The weird thing about this gathering at my house after I analyzed everything, I think that everyone was walking on eggshells when they were around me because they all knew that there was another female with my H just last night AND were wondering if I knew about her or not. Which I did because my H told me who was there upon returning from the bbq 10 min after I called him to come home.


----------



## Chris Taylor (Jul 22, 2010)

There's a lot of people making assumptions but I don't see anything concrete here.

I worked with an attractive young lady for several years. We worked 60 hours per week, usually alone, and I would drive her home at night since she lived is a tougher section of the city.
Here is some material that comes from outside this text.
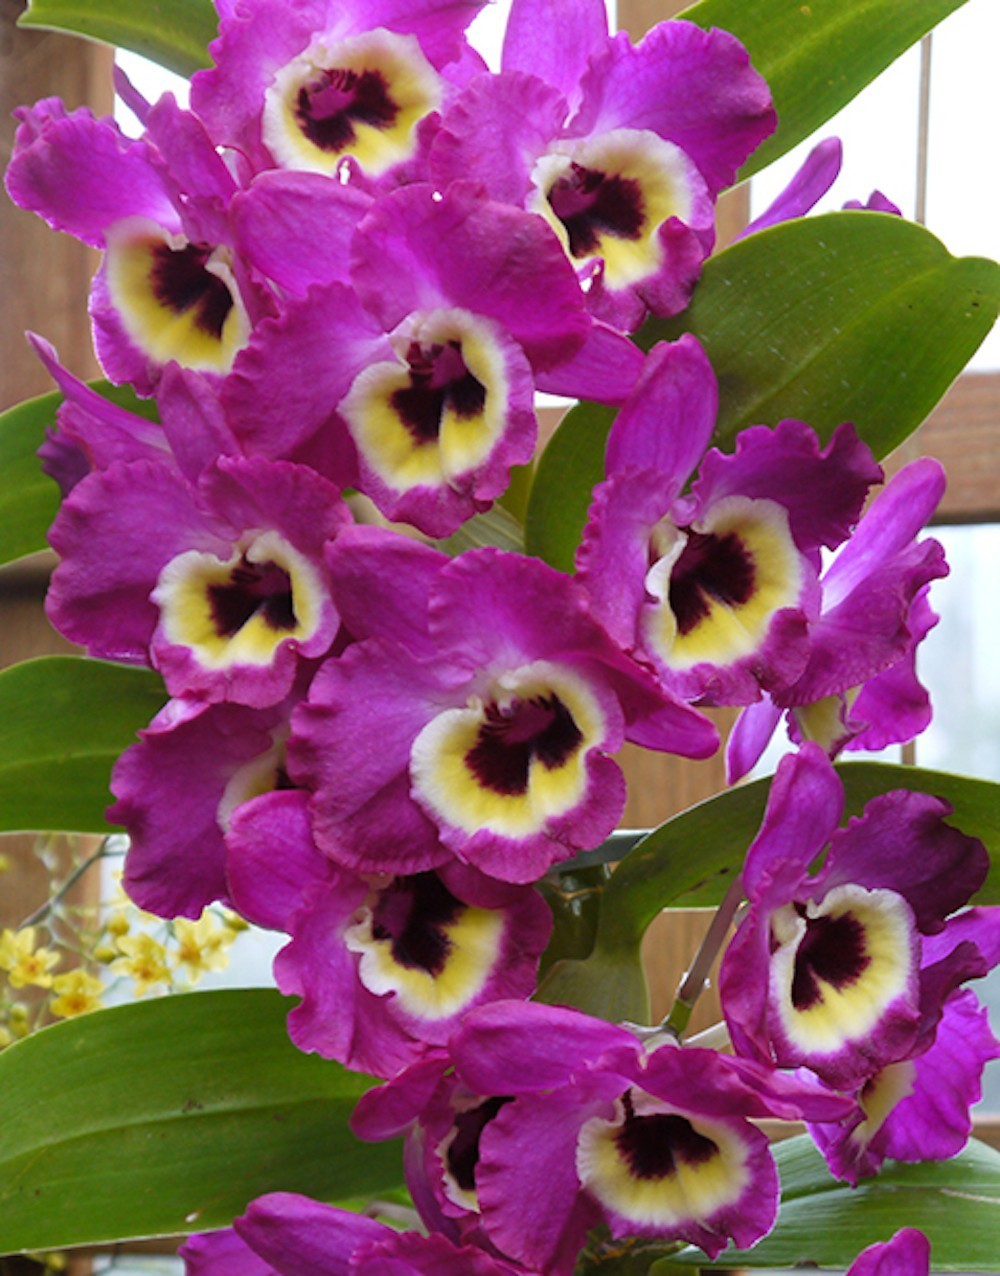 Cumpara online Orhidee Dendrobium mov cu cel mai bun pret, livrare rapida!

Years later I learned that most everyone in the company assumed we were having an affair, which was not the case.


----------



## blueyes (Mar 25, 2010)

ok, I'm sorry but u r being to nieve here, there is obviously an ea going on, he knows way to much about her and he feels sorry for her. If it was just friendship he would have introduced the 2 of u, he has had plenty of opportunity too. Probably nothing has happened but they r both thinking about it I can almost guarantee that, just by the way u say he is acting. U better talk with him and figure it out sooner than later, trust me I know.


----------



## blueyes (Mar 25, 2010)

Chris I agree completly with u I have mostly guy friends because usually women r 2 faced, stab u in the bad bi!!!!!. It's just the way her hs is acting not wanting them to meet. I'd would'nt put up with it. It sounds like she isn't doing anything wrong but the husband might be having ideas on his own


----------



## Chris Taylor (Jul 22, 2010)

blueyes said:


> Chris I agree completly with u I have mostly guy friends because usually women r 2 faced, stab u in the bad bi!!!!!. It's just the way her hs is acting not wanting them to meet. I'd would'nt put up with it. It sounds like she isn't doing anything wrong but the husband might be having ideas on his own


My gut feel is just the opposite.

he doesn't want to do anything but feels the woman may try to interject herself between them.

Still not on board with the EA, except on her part.


----------



## catsy101 (Aug 3, 2010)

In a word, "NO".


----------



## CH (May 18, 2010)

No, I would still like to have sex with my wife on a weekly basis.


----------



## Blue Moon (Sep 7, 2009)

There was a male co-worker with them, it's not like it was a date. And even if they did go there together, it was a party not an orgy. And when you asked him to come home you said he was there in 10 mins. I don't see how any of this is disrespectful. Loosen the leash.
_Posted via Mobile Device_


----------



## Resonance (Aug 11, 2010)

It should be completely fine with a third party around. Be wary of office gossip.


----------